Эти девочки жили в нарочитом аскетизме, в «потребительском воздержании», не отказывая себе только в одной роскоши — в общении, в «наших бесконечных вечерах». Интимность этих вечеров, теплота и тревожная напряженность отношений, чувство собственной значительности, центральности — под этим «наркозом общения» Ульрика Майнхоф только и могла жить.

«Ульрика, — вспоминает школьная подруга, — была центром нашего кружка, нашим оракулом.

В ней была скрытая мятежность духа, — наверное, в этом была тайна власти над нами вовсе не тщеславной и очень мягкой девочки, уступчивой во всем, кроме тех идеалов, в которые она верила. Для меня в дружбе с ней был тогда смысл жизни, дуновение чего-то возвышенного и печального; и нюанс запрещенного, и знак подлинности, в „подлинности“ была тогда наша гордость, наша главная жизненная мера».

В 1955 году Ульрика поступила в Марбургский университет. Она изучала педагогику и психологию, факультативно — историю искусств, но никогда — социологию, политику, право: эти предметы были ей скучны и давались хуже.

По воспоминаниям сокурсников, ее политическая левизна сводилась тогда к протесту против атомного оружия и сентиментальному предпочтению Восточной Европы — традиционной, романтичной, страдающей — преуспевающей Америке.

Подлинной духовной родиной Ульрики было в то время мистическое «Братство св. Михаила» — не секта и не орден, а что-то вроде интимного кружка, возродившего лютеровскую литургию и практику духовных упражнений. Одно время она думала о монастыре.

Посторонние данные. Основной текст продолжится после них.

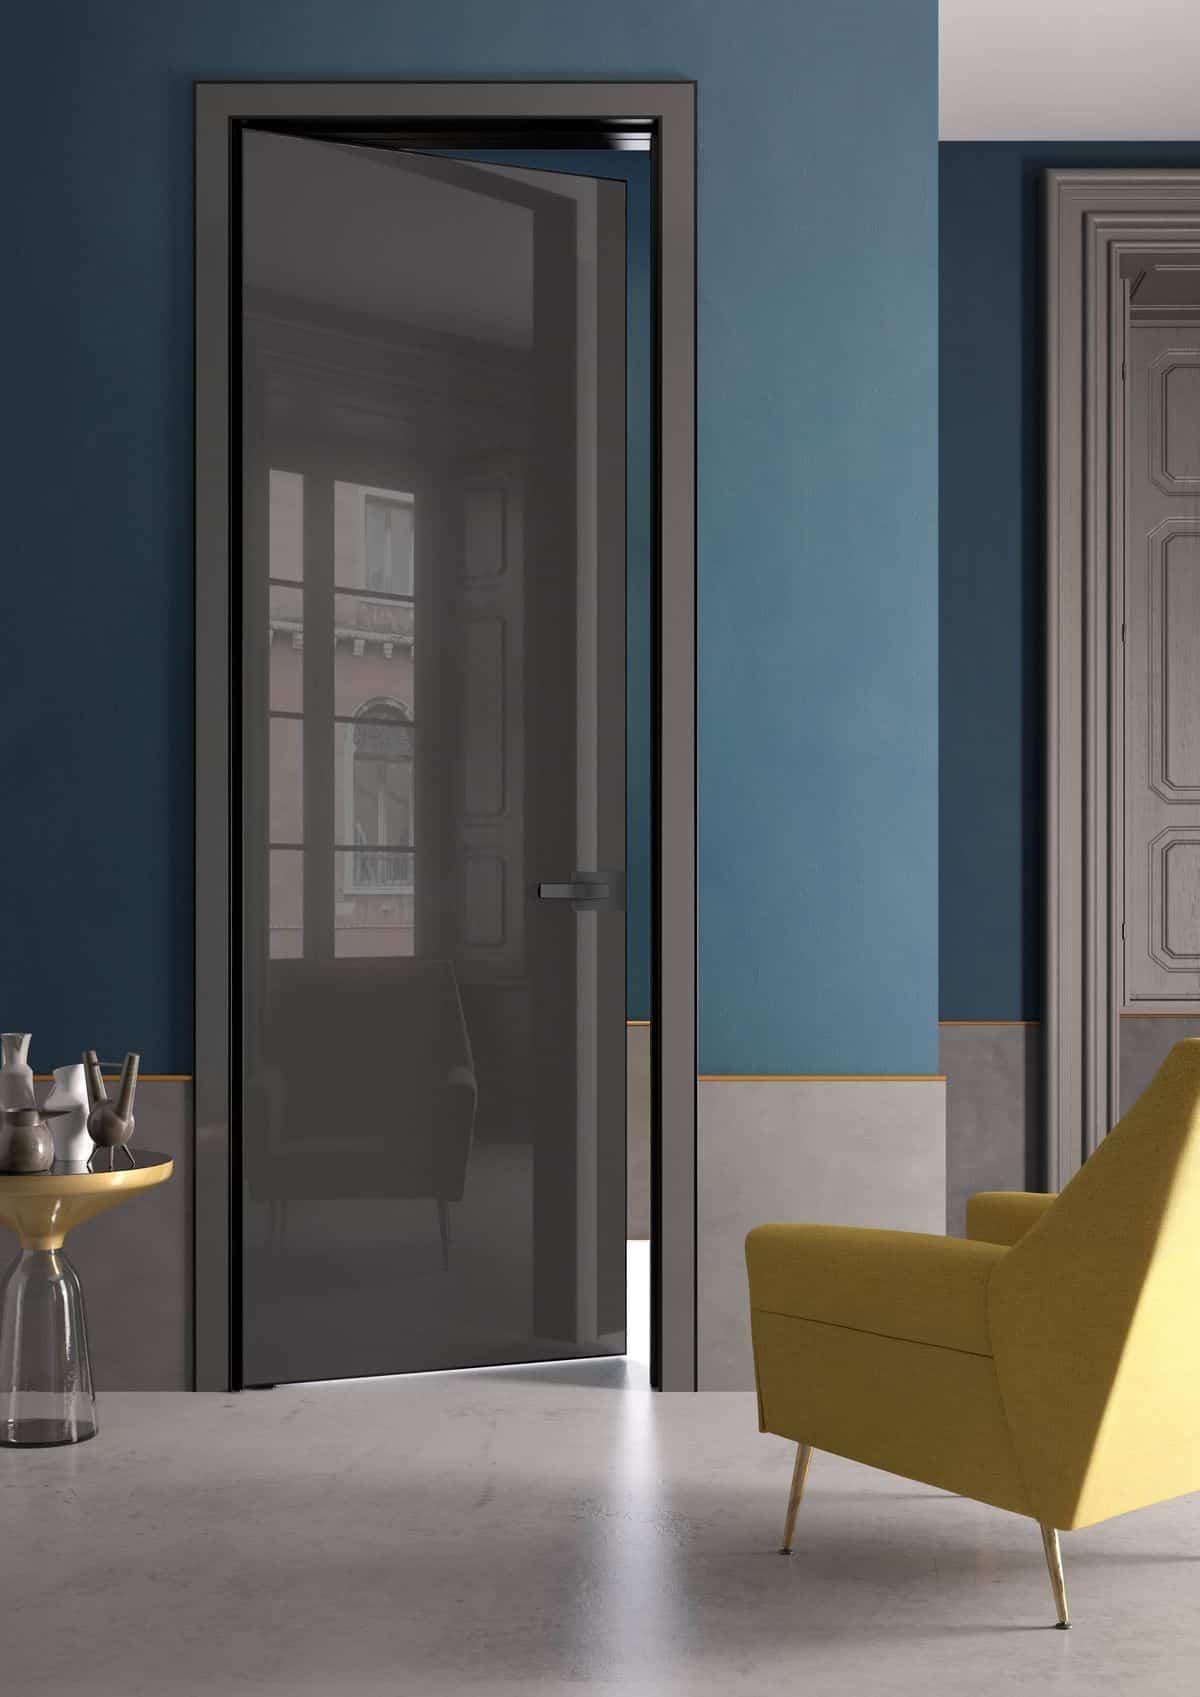 living room door design with grey high gloss laminates

В 1957 году Ульрика оставила Марбург и переехала в Мюнстер — католический город Вестфалии. В Мюнстерском университете она впервые втянулась в политическую активность — кампанию за разоружение, организованную «Комитетом против атомной смерти».

Как представитель мюнстерского студенчества на антивоенной конференции в Бонне, она могла познакомиться с самыми выдающимися людьми страны: например, с членами комитета Генрихом Альбертом и Вилли Брандтом. Одно из знакомств стало для нее роковым: редактор левого студенческого журнала «Конкрет» Клаус Райнер Рёль через несколько лет стал ее мужем. В отличие от Ульрики это был политик.

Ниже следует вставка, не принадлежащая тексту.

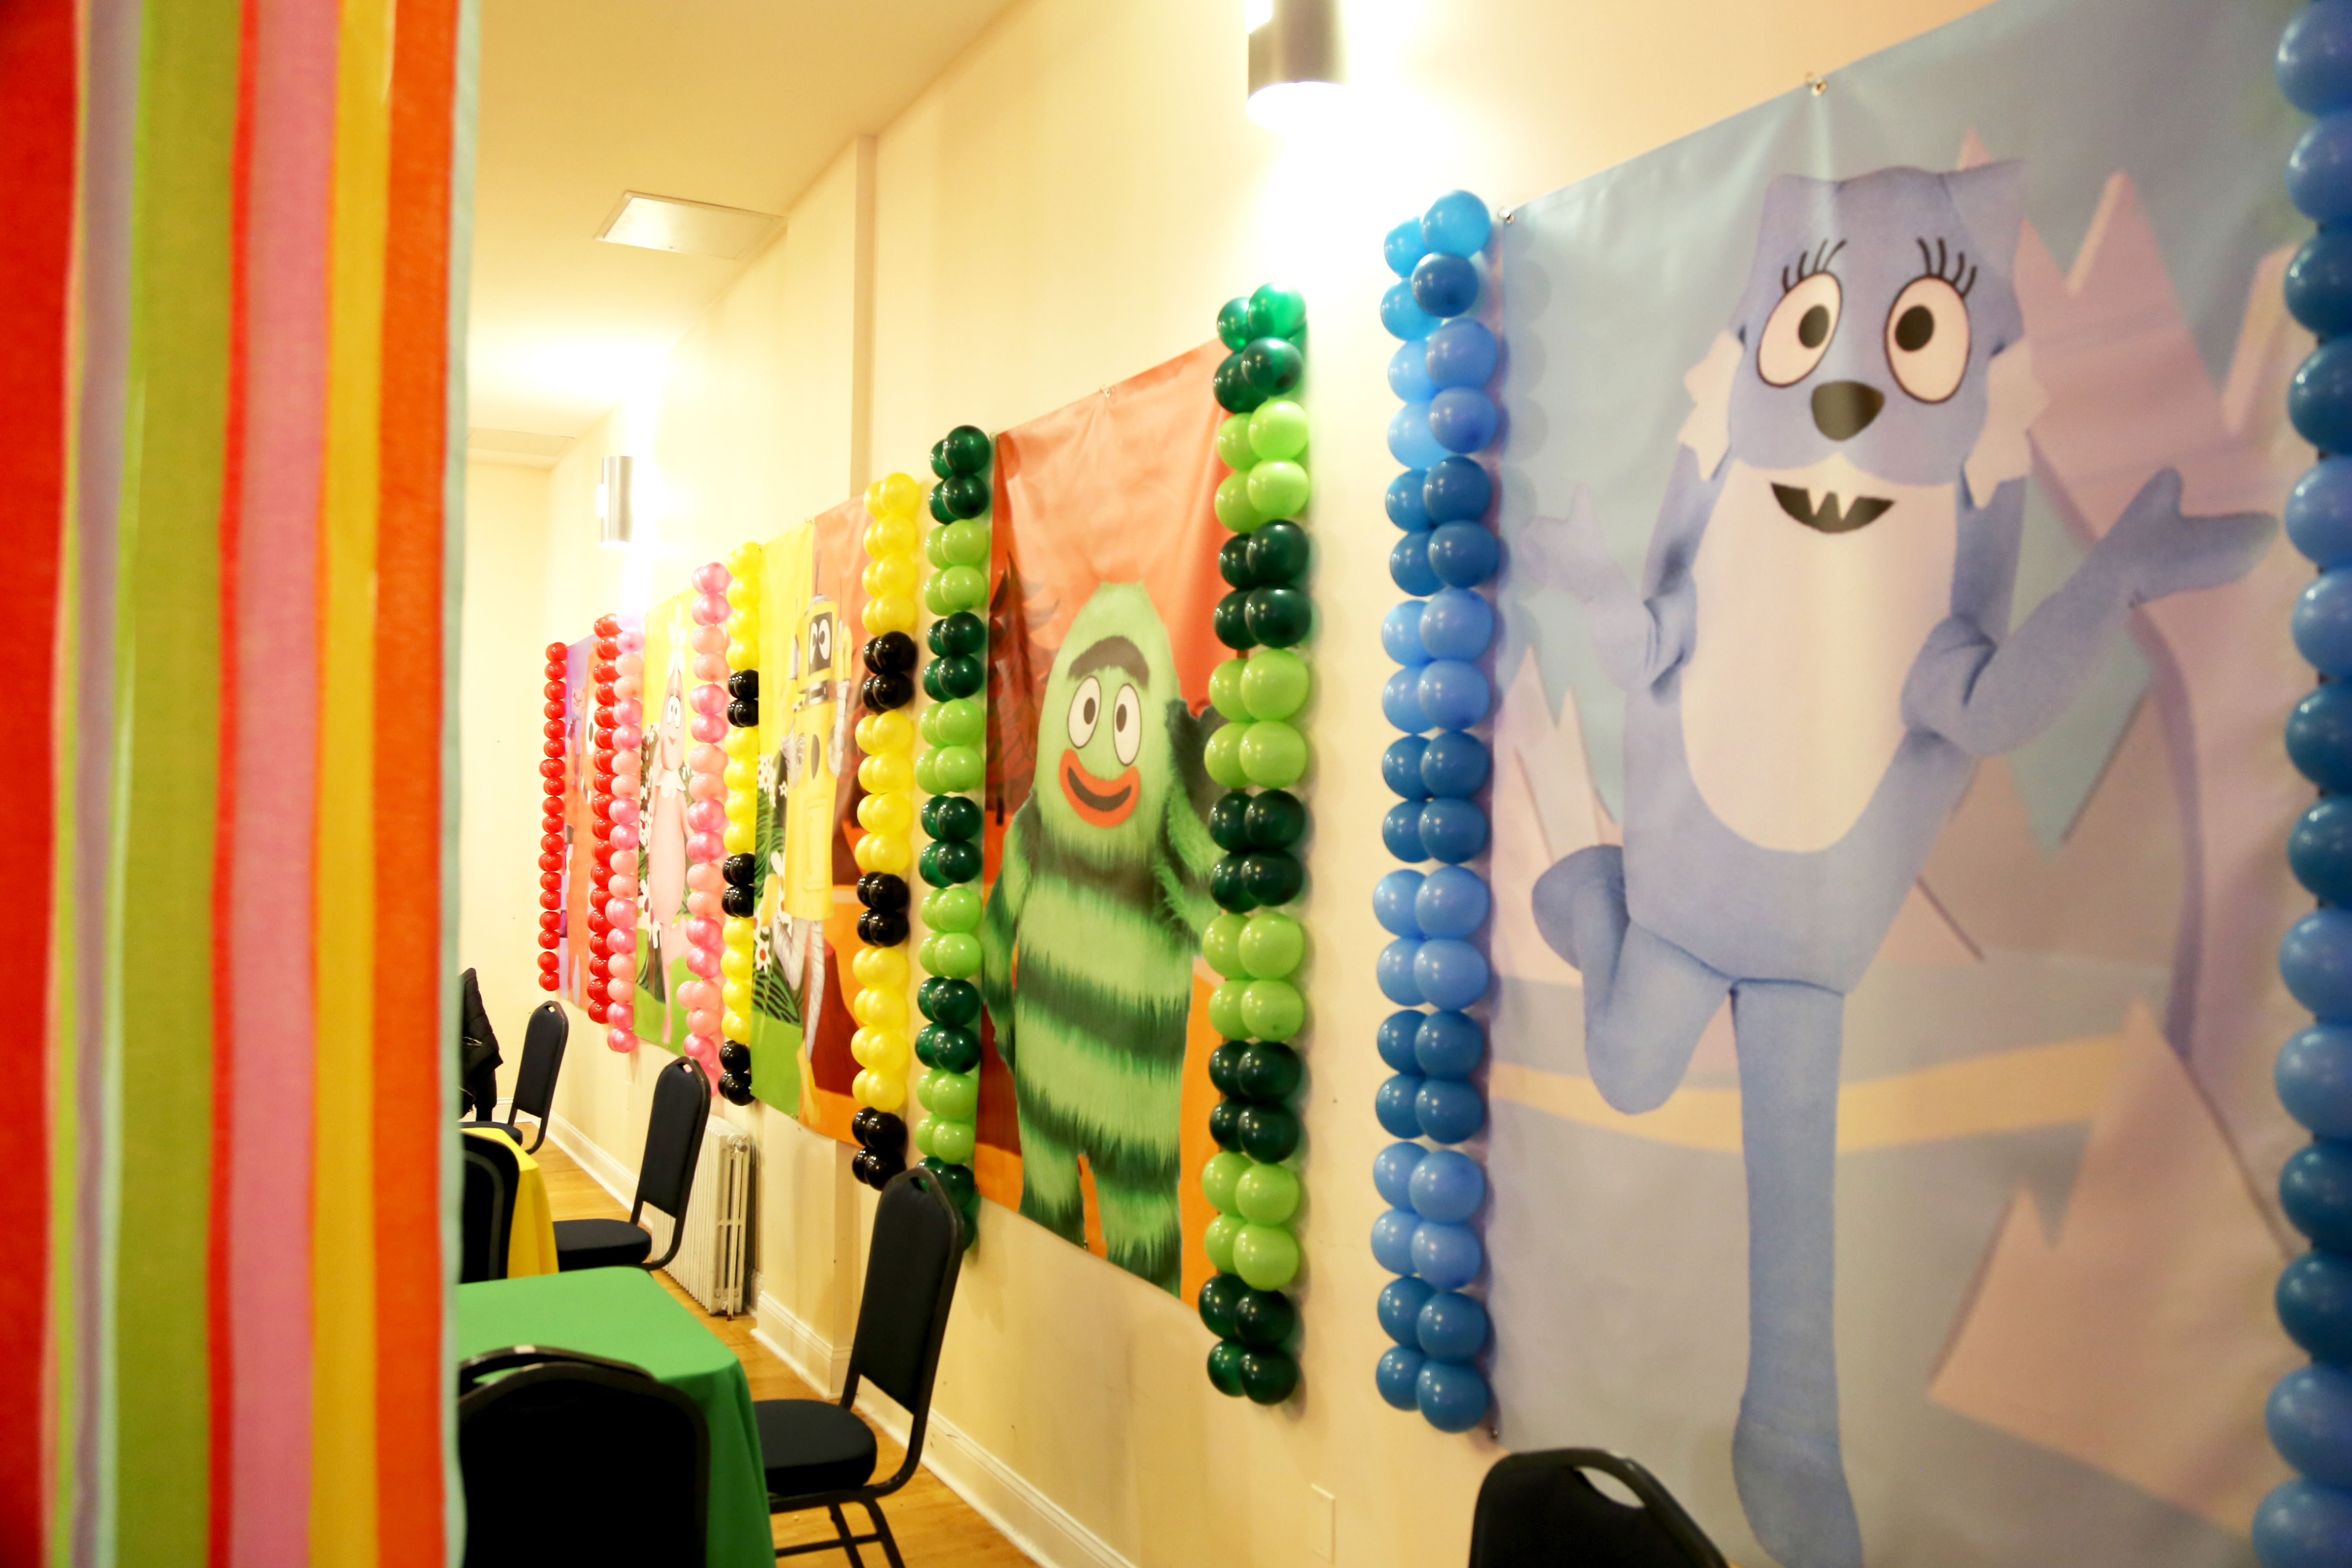 Fancy Party Decorations Wall Scenes Elaboration - Wall Art ...

Ульрика Майнхоф в тюрьме, 1975 год.
Ульрика Майнхоф в тюрьме, 1975 год.

Оставаясь «в душе» школьницей, мечтающей о романтическом подвиге, Ульрика Майнхоф стала ведущим автором «Конкрета». Жена азартного и умелого политика и журналиста, сама ведущий журналист сенсационного журнала, по мнению некоторых, «первое перо Германии», она — автор дерзких открытых писем иранской шахине и Штраусу.

Ей рукоплещут либералы, радикалы, шили и просто шико; она в моде. Журнал «Штерн», украшающий свою обложку портретами ведущих бизнесменов и их жен, международных плейбоев, звезд кино и спорта, модных художников и фотографов, предлагает читателям и ее выразительное запоминающееся лицо, приветствуя «отважного журналиста „Конкрета“». У нее есть и вполне определенная социальная роль — защитницы всех обиженных: иммигрантов, женщин, девочек в приютах.

Импульс к разрыву со своей средой, по Беккер, шел из личного («Ничего личного» — иронически назвала она посвященную Ульрике Майнхоф главу): предательство мужа и отчаянный побег с детьми в Западный Берлин, куда в это время «стекались беглецы от личных бурь, жертвы великого брачного кризиса 1965–1967 годов, энтузиасты развода и разделения, дегустаторы первых терпких плодов сексуального раскрепощения, — все одинаково гордые собой, каждый ущемленный по-разному», в тот самый котел, «пену и охвостье новых левых».

Она, наконец, реализовала тот выбор, который сделала давно, пишет Беккер, пришла к отверженным, мятежным, кипящим честолюбивыми и мстительными планами.

Именно тогда появилась Гудрун Энслин и попросила: «Спаси!». Это было роковое слово для экзальтированного, меланхолического и затравленного личными несчастьями существа, каким тогда была Ульрика Майнхоф. Врожденная и обостренная крушением личной жизни потребность в «слиянии душ» словно бы ждала встречи с Гудрун.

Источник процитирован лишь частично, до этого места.